• **Work instruction**: Emit the data below verbatim, stripping out any pictures.

• **Available data**:
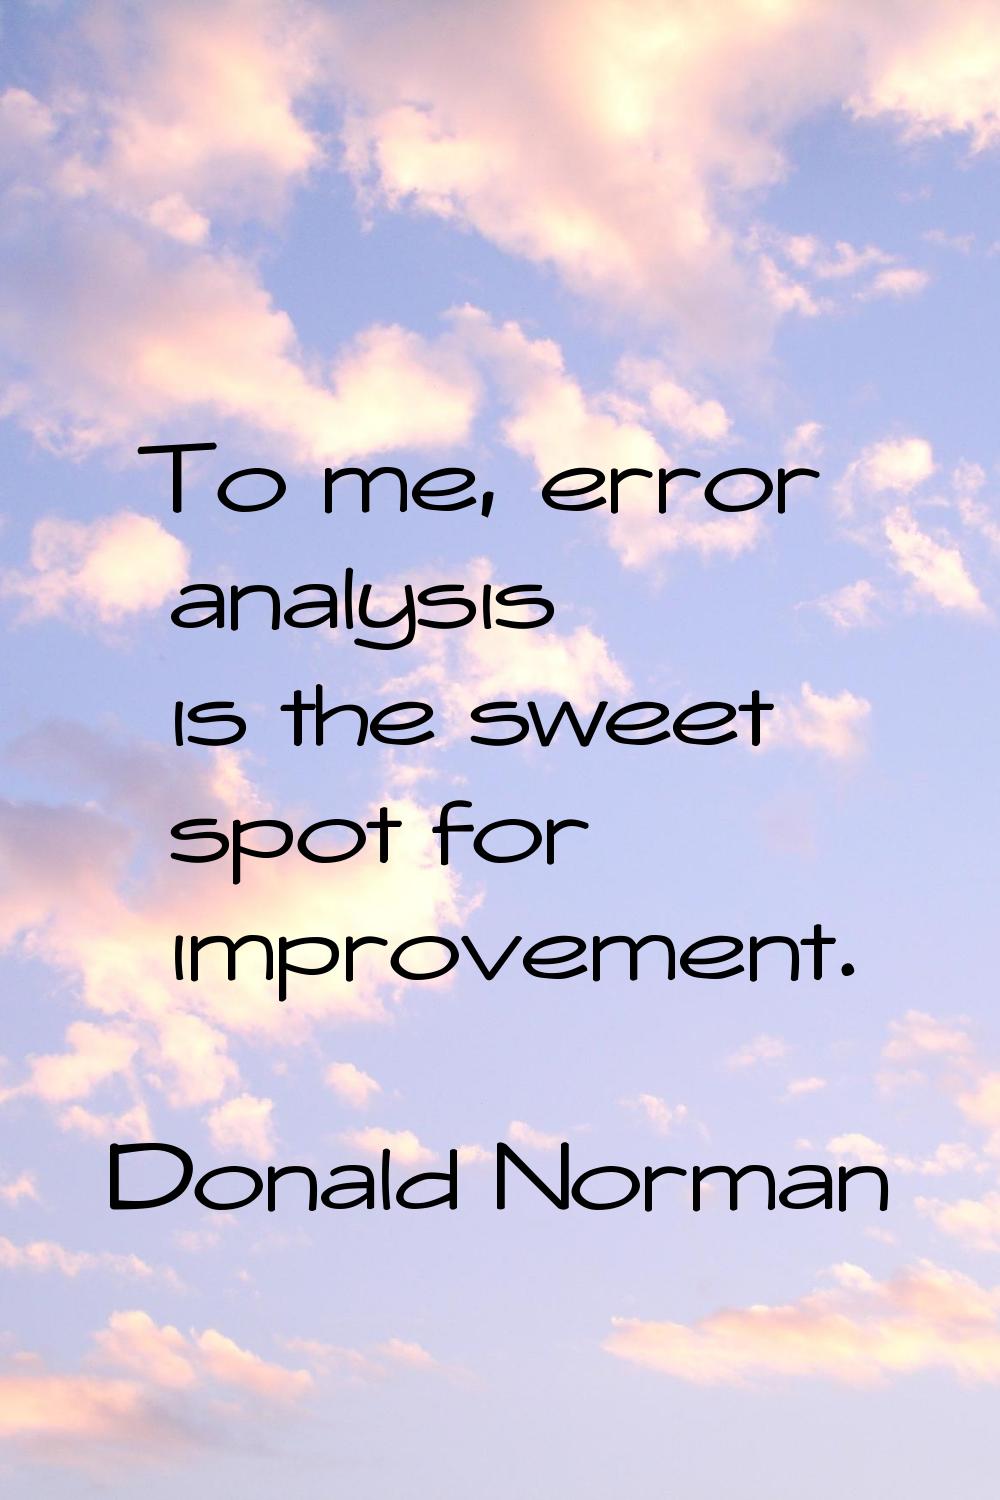 To me, error analysis is the sweet spot for improvement.
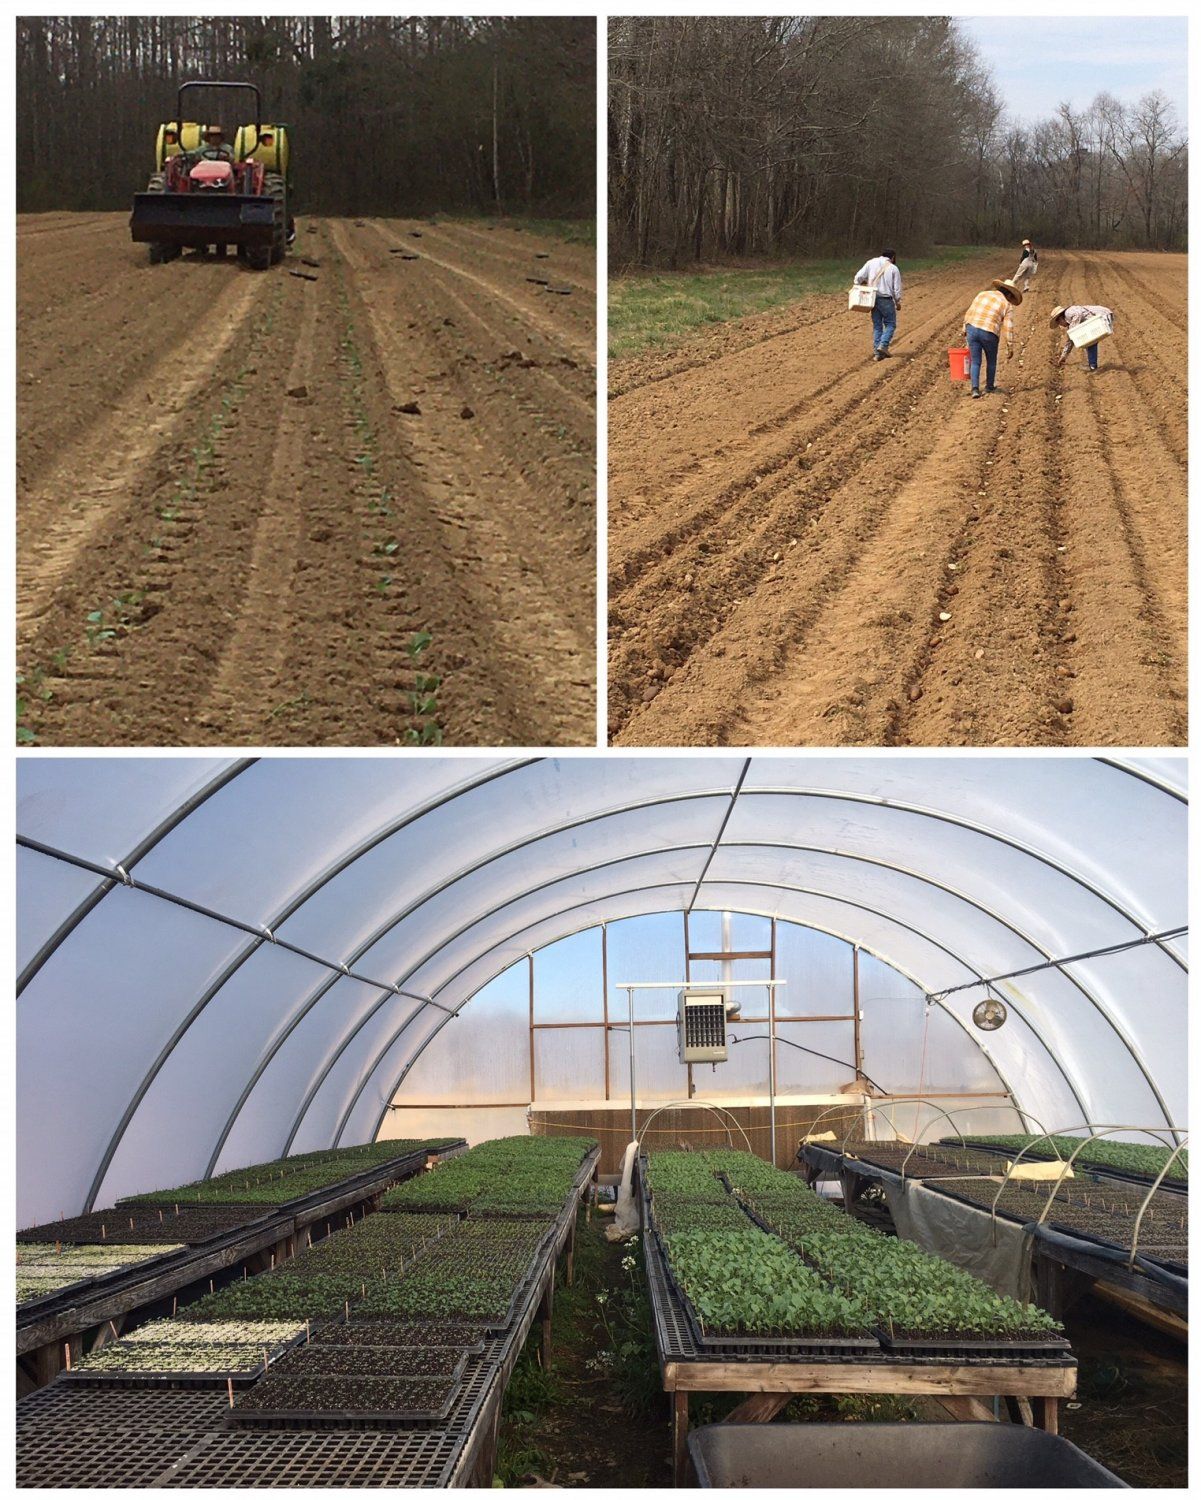 Next Happening: Farm Happenings for March 23rd, 2021
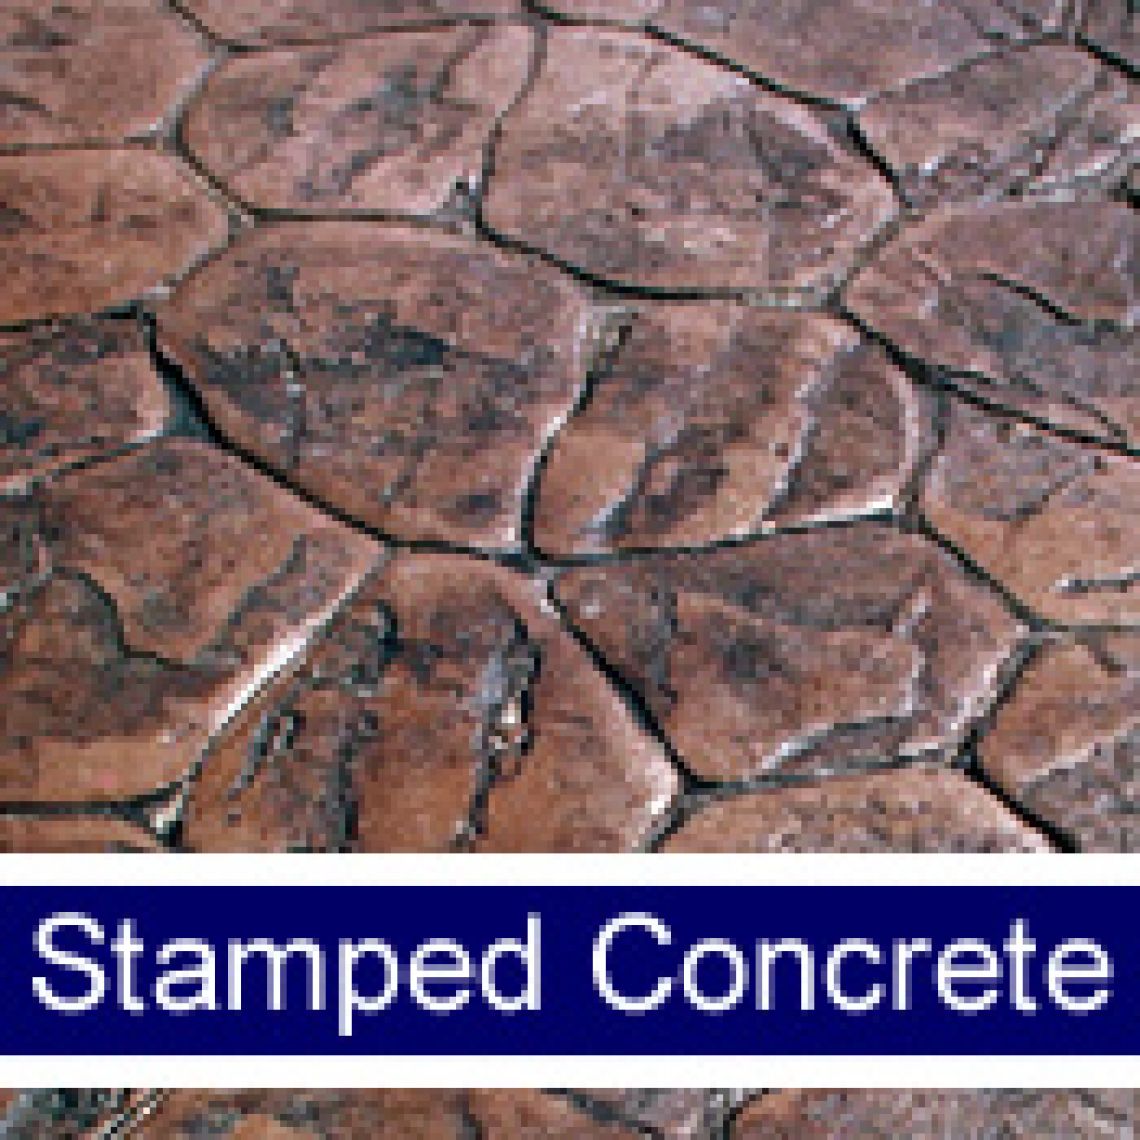 Avail Stamped Concrete Schenectady NY services For Transforming The Look of Your Home

• **Worked solution**:
 To me, error analysis is the sweet spot for improvement.
 Next Happening: Farm Happenings for March 23rd, 2021
 Avail Stamped Concrete Schenectady NY services For Transforming The Look of Your Home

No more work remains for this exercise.